Defendant's final argument regarding Plaintiff's fraud claim is that Plaintiff has not sufficiently pled the elements of fraud. The elements of fraud are as follows:

(1) A specific false representation of material facts; (2) knowledge by the person who made it of its falsity; (3) ignorance of its falsity by the person to whom it was made; (4) the intention that it should be acted upon; and (5) the plaintiff acted upon it to his damage.

Christidis v. First Pennsylvania Mortgage Trust , 717 F.2d 96, 99 (3d Cir. 1983) (citation omitted). Plaintiff alleges that Defendant knew that its patients' plan required it to collect certain charges and that Defendant did not collect these charges (Compl. ¶ 33, 34, 36-37). Plaintiff also contends that the claims submitted to it by Defendant contained misrepresentations as to whether the claims were eligible for coverage, Defendant intended for Plaintiff to rely on these misrepresentations, and Plaintiff did in fact rely on them by paying the claims (Id. ¶ 53-56). Finally, Plaintiff has alleged damages as a result of the misrepresentations (Id. ¶ 57). These allegations are sufficient to state a claim for fraud. Accordingly, Defendant's Motion to Dismiss is denied.

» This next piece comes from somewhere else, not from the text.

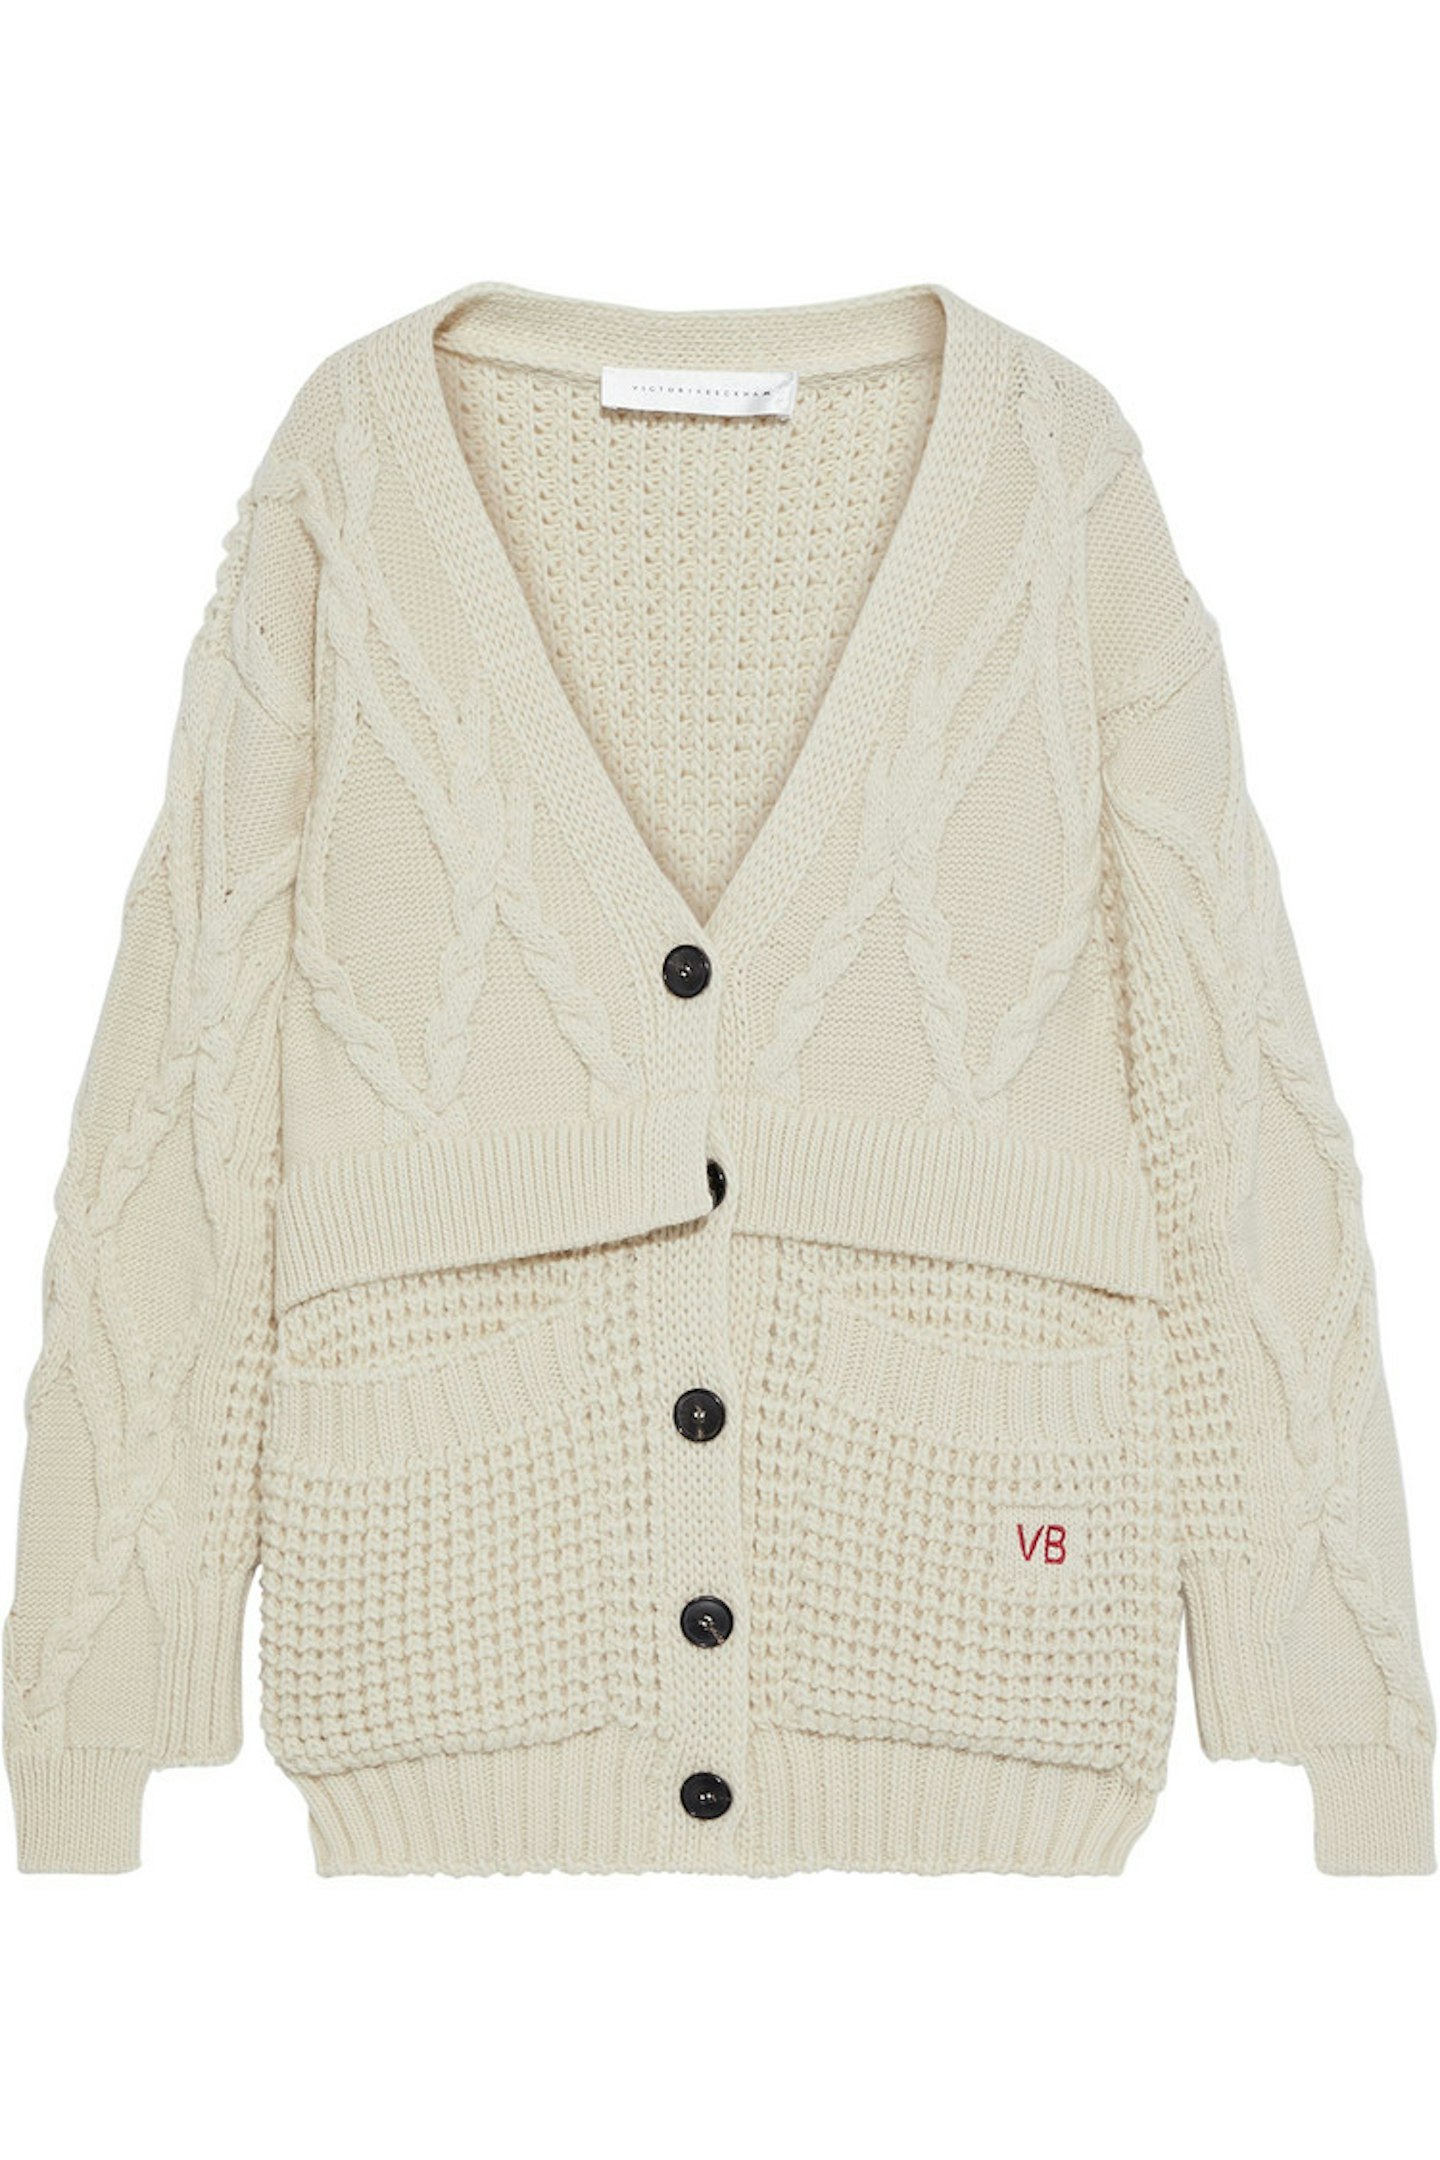 Victoria Beckham at The Outnet, Oversized cable-knit wool cardigan, £499

c. Unjust Enrichment Claim

Defendant argues that Plaintiff has not set forth sufficient facts to state a claim for unjust enrichment. Unjust enrichment requires a plaintiff to allege that "(1) at plaintiffs expense (2) defendant received [a] benefit (3) under circumstances that would make it unjust for defendant to retain [the] benefit without paying for it." Snyder v. Farnam Companies. Inc. , 792 F.Supp.2d 712, 723-24 (D.N.J. 2011) (citation omitted). The premise of Plaintiffs Complaint is that Plaintiff mistakenly paid Defendant funds that it was not entitled to and that it would he unjust for Defendant to keep these funds. See remier Pork L.L.C. v. Westin, Inc., No. 07-1661 , 2008 WL 724352, at *14 (D.N.J. Mar. 17, 2008) (stating that unjust enrichment claims "involve either some direct relationship between the parties or a mistake on the part of the person conferring the benefit"). Therefore, Plaintiff has stated a claim for unjust enrichment and Defendant's Motion to Dismiss is denied.

IV. CONCLUSION

For the foregoing reasons, Defendants' Motion to Dismiss is denied. An appropriate order follows this Opinion.